PROVIDED INFORMATION >>
----------

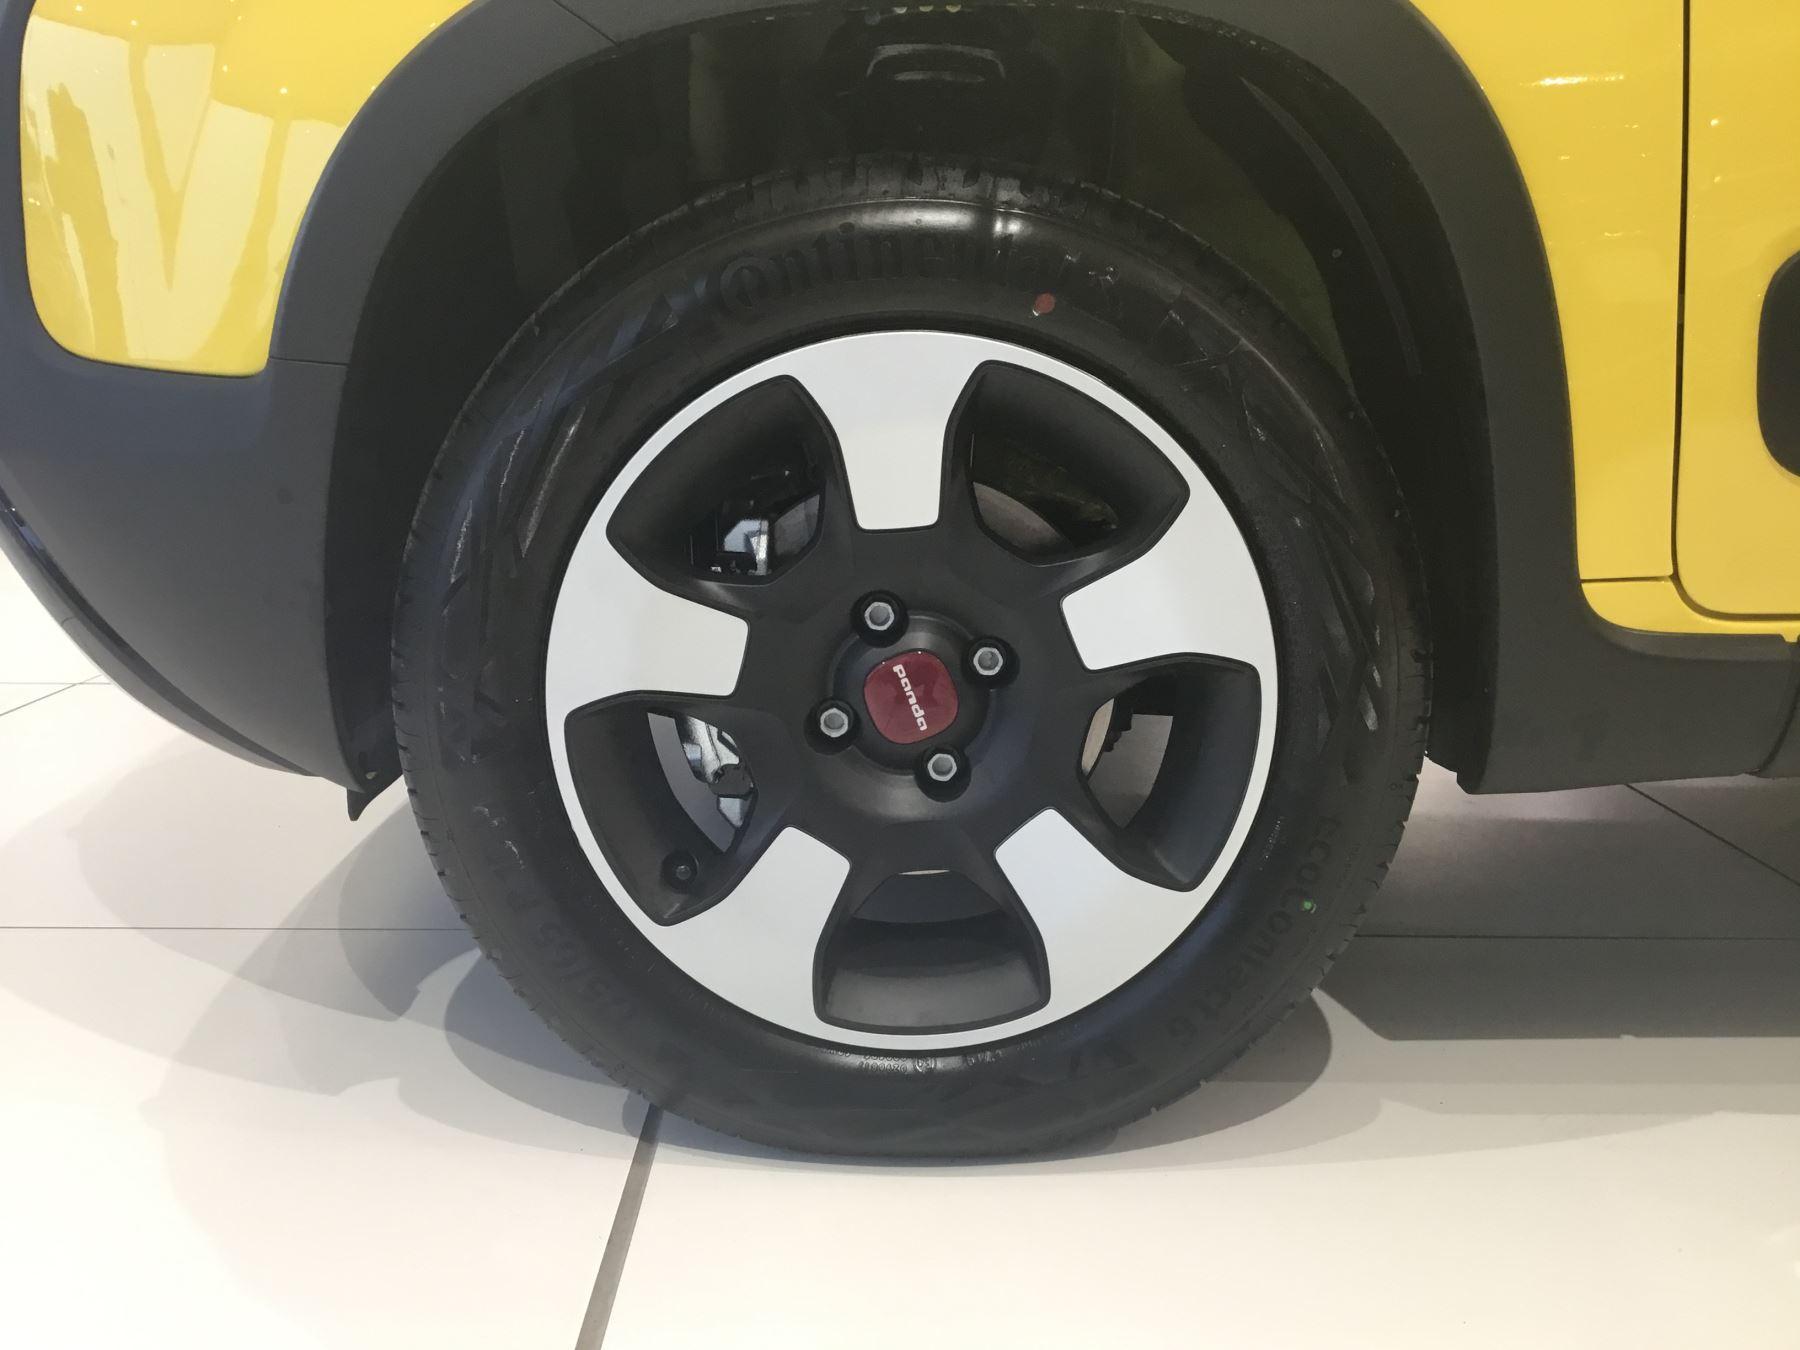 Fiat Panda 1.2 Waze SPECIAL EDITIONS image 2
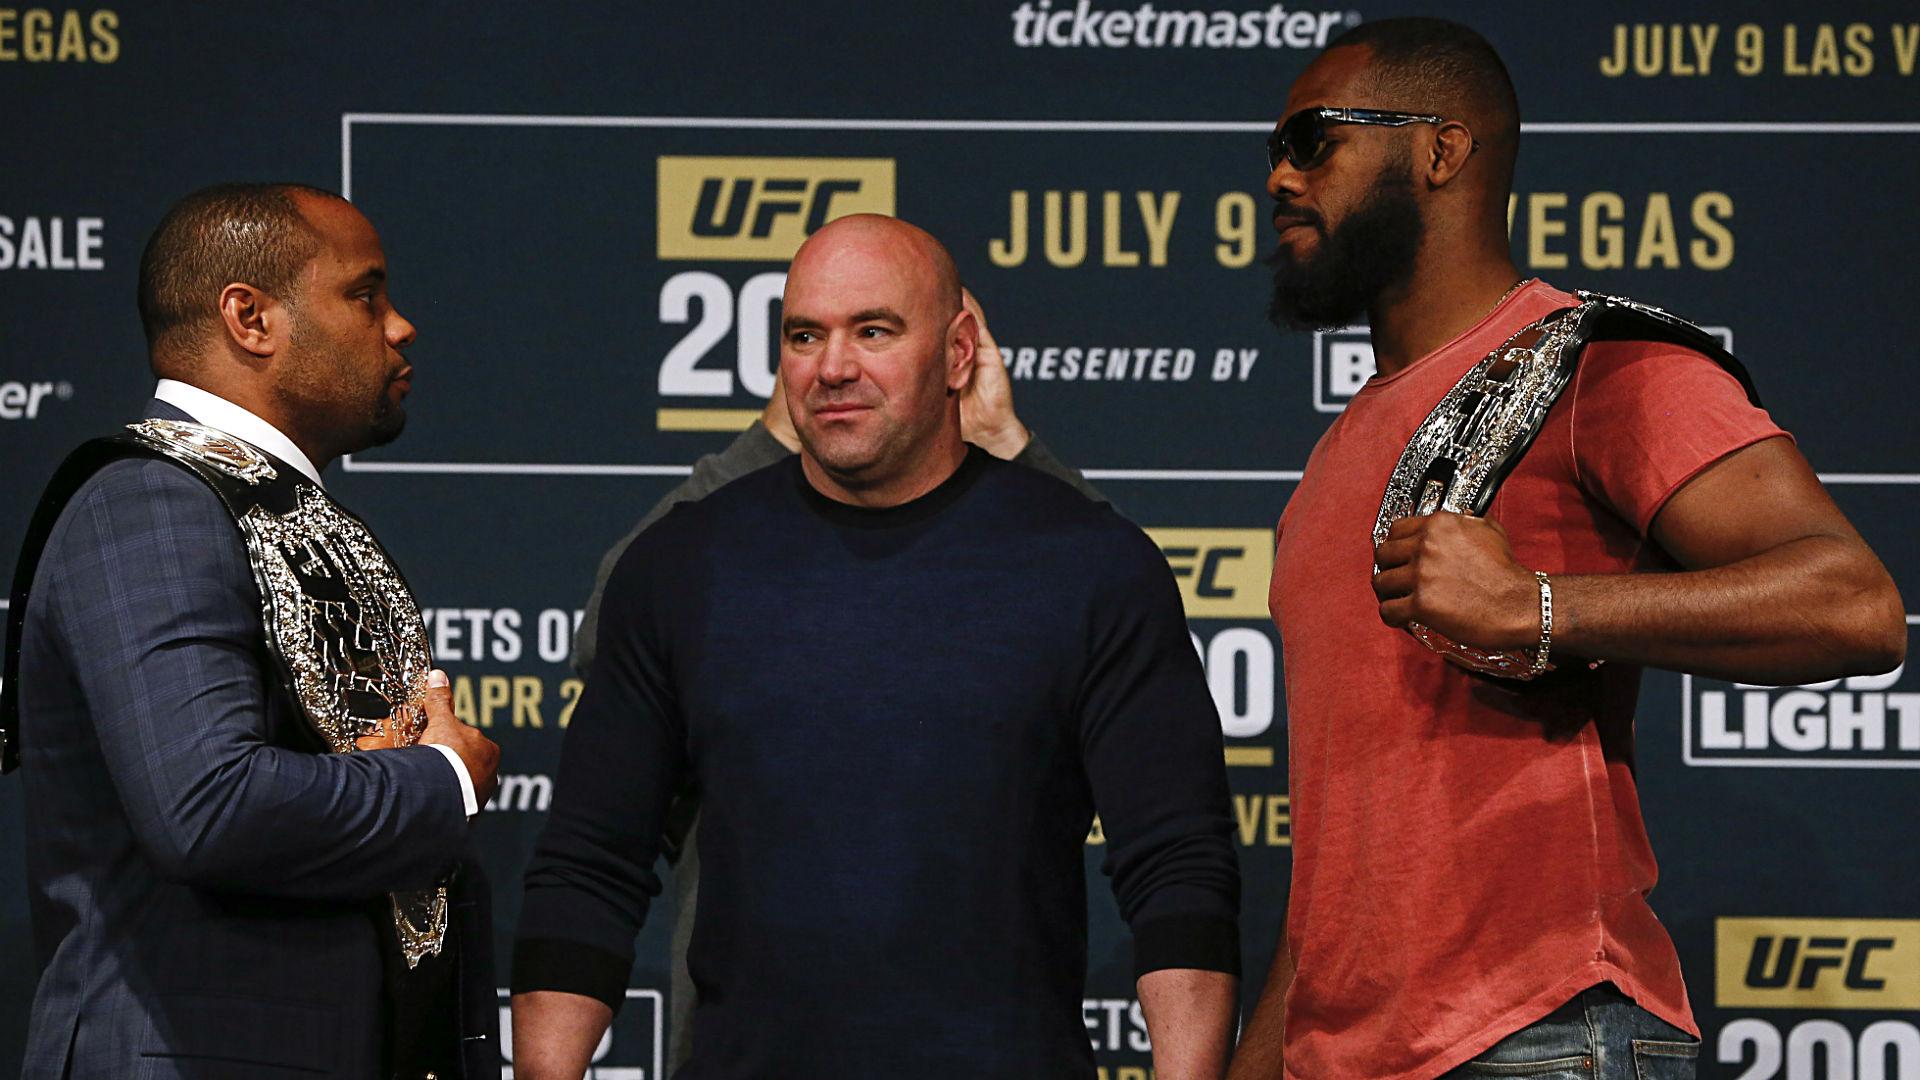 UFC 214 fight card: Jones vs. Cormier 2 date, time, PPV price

----------

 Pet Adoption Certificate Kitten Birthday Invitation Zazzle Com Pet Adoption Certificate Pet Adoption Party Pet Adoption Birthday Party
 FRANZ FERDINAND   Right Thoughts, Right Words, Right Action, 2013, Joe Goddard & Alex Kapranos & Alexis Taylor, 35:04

----------

INSTRUCTIONS TO FOLLOW >> The lines to reproduce run from the one above containing "Fiat Panda 1.2 Waze SPECIAL EDITIONS image 2" through the one containing "UFC 214 fight". Copy them exactly and leave out all pictures.

SOLUTION >>
 Fiat Panda 1.2 Waze SPECIAL EDITIONS image 2
 UFC 214 fight card: Jones vs. Cormier 2 date, time, PPV price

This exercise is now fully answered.